Page 2 of Jinx
Consciousness returns slowly as I stare at a very familiar ceiling. Images of a tall, dark stranger hit my numbed brain as memories come rushing back. He took me. He managed to get me by myself and he took me away…so why am I waking up in my room at the Club? And why am I naked?
What the hell is going on? I sit up tenderly and take a look around. Nothing is out of place, nothing is askew, nothing that would tell me someone had been in here with me. I scoot to the edge and wait for my head to stop swimming. I take the time to think about what I should do next. I have so many questions and no way to find the answers.
I finally get up and make my way to my laptop sitting on my desk. It doesn’t take very long for me to open what I’m looking for. Nothing. There’s no message explaining any of this. No message telling me sorry for so many things. Nothing but a blank screen and a blinking cursor waiting for me to type something.
A knock on my door has me grabbing for the robe I have slung over the back of my chair and cautiously opening the door to…my brother.
“Jinx, we’re headed over to the hospital to visit Lori. You want a ride?”

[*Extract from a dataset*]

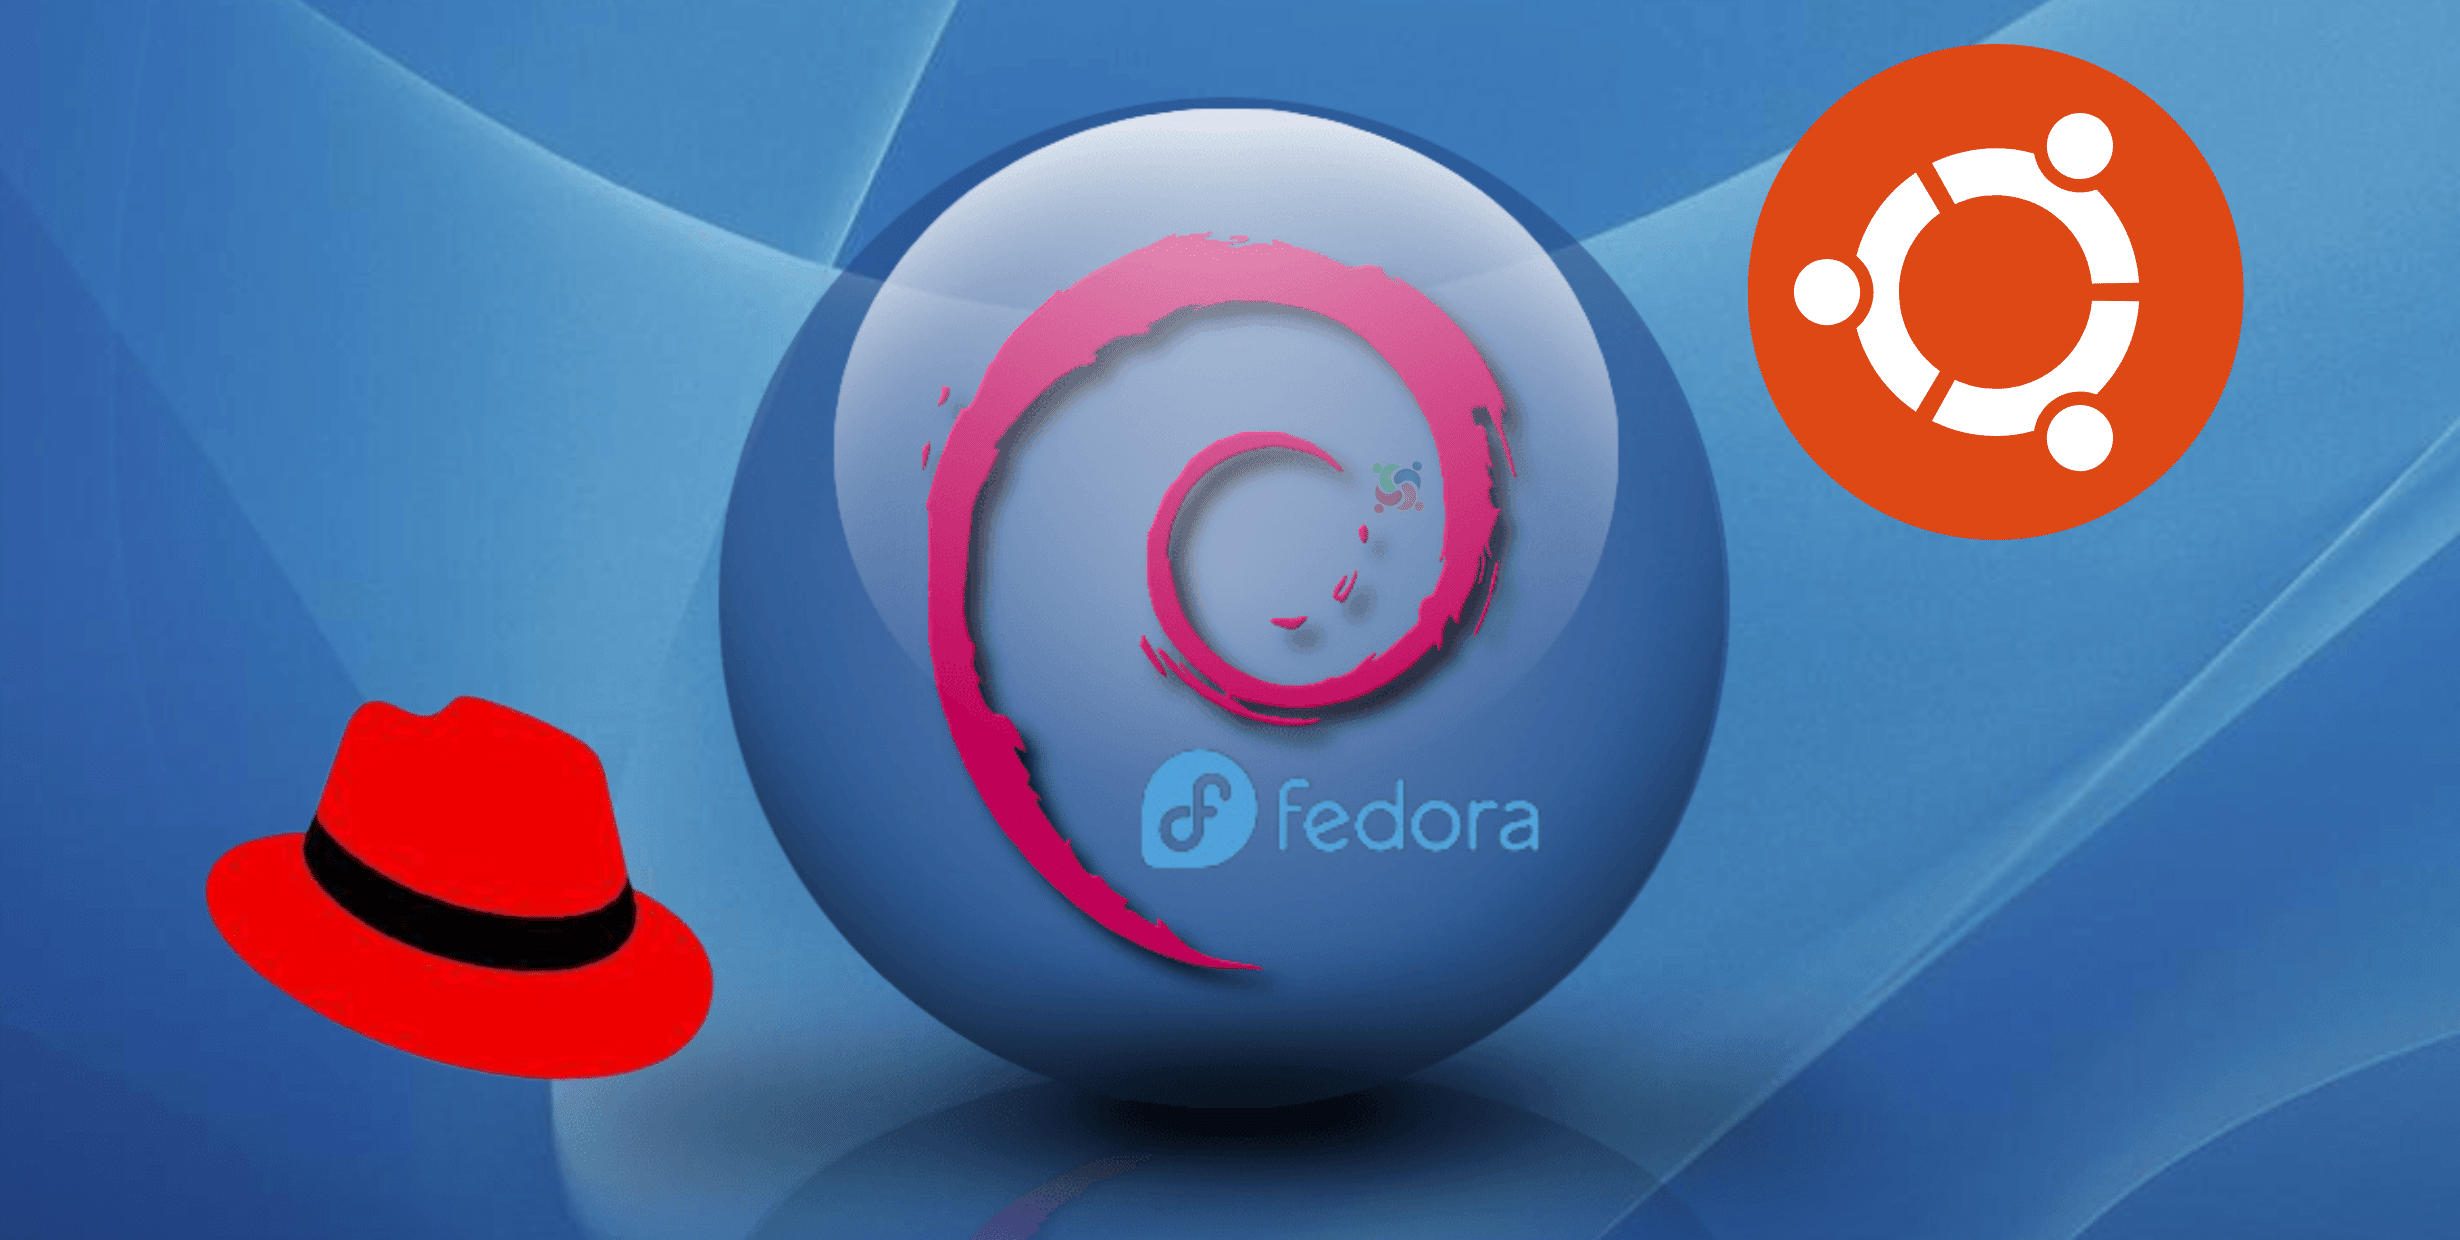 Fedora, Debian, Ubuntu sofrem com falha no kernel Linux que dá acesso root a invasores

Like nothing even happened. He’s acting like nothing happened.
“Sure, um, give me just a second and I’ll meet you out front.”
I rush through a shower and throw clothes on without even thinking about what they look like. Nori will come with us, so Pyro won’t be taking his bike which means I don’t have to worry about wearing a dress. I grab my bag and head for the front of the clubhouse. On the way to the hospital Pyro and Nori talk about everything and nothing at all but then a name floats back to me making my heart stutter.
“Can you believe Fury was there?”
My brother is acquainted with Fury. He’s not talking about him like this is someone he doesn’t know about.
“Who is he?”
Yes, Nori. Who is he indeed?
“He’s a fucking myth, a legend. He’s like a fucking boogieman that’s only whispered about in the ring of people we hang around.”
“Why was he there?”
My heart picks up and starts thumping so loudly I don’t know how they can’t hear it over the sound of the wind blowing through the rolled-down windows of the car.
“My guess is for the same reason everyone else was…the bounty.”
Wait a minute! What?
Said heart stutters and slows until I wonder if it’s going to stop altogether.
“He’s good too. Whatever he wants, he takes.”
And Pyro drives the knife in and twists. My heart breaks and I'm hollow inside. Pyro’s words repeat over and over in my head. He takes what he wants. It leaves no doubt about what happened to me.
I was left behind because I was found wanting. So many things make sense to me now. Why I was naked? He wanted to take a good look at what he would be getting if he did choose to take me. Why he left me where he did. A statement that I wasn’t worth going to war for against a whole motorcycle club, not worth the hassle that would come if he did take me.
“Jinx, honey?” I snap back and turn to find Nori staring at me like she’s been saying my name for a long time.
“Sorry.” It’s the only thing I can push out with what little breath I have left.
“You okay, sweetie? You look a little pale.”
I nod and quickly turn away. But the sour feeling in my stomach doesn’t go away or get better. I fake a smile for Nori and bide my time but the feeling doesn’t stop. It never stops. It just sits there and festers. Until I can’t take it anymore.
This sick feeling is going to kill me if I don’t do something to stop it, to quieten it down. I start making plans. And I wait. I try to keep the hurt hidden but some of it leaks out. Some of it manifests in me being a little bitchy, a little prickly, around the other happy couples.
The next entertainment night rolls around and I’m sent to my room but this time fate is smiling on me because not only will my brother be busy entertaining Nori but my mom and dad are also here tonight. I gladly go to the room I stay in at the club and wait. Then when everyone is good and busy, I sneak out and make my way to the ride I called for at the end of the road the club is on. No ride is going to come all the way up to the gate, let alone pull straight up to the club, so I hoof it to the end and hop in.
By the time anyone finds out what I have planned it will be too late to stop me. I give him my mom and dad’s address. Everyone who is a higher-up in the Sons has a room at the club but most everyone has a place somewhere else also. Mom and Dad are no exception. They bought a cute little two-story house with a big yard and a tree out front that I used to have a tire swing in.
I use my key and let myself in and make my way upstairs. The house is so familiar and comforting. I know my way, even in the dark. My room hasn’t been changed since I was twelve so everything is purple and covered in lace. You would never think that it was my room.
I stare at my face in the mirror over the dresser. I gave up lace and hearts a long time ago…well, lace anyway. The hearts stopped when I woke up in my room after being taken by a lying, cheating asshat. I reach into my closet, way in the back, and pull out something I have never worn, something I probably never would wear if not for the sick feeling I’ve been left with because of Fury.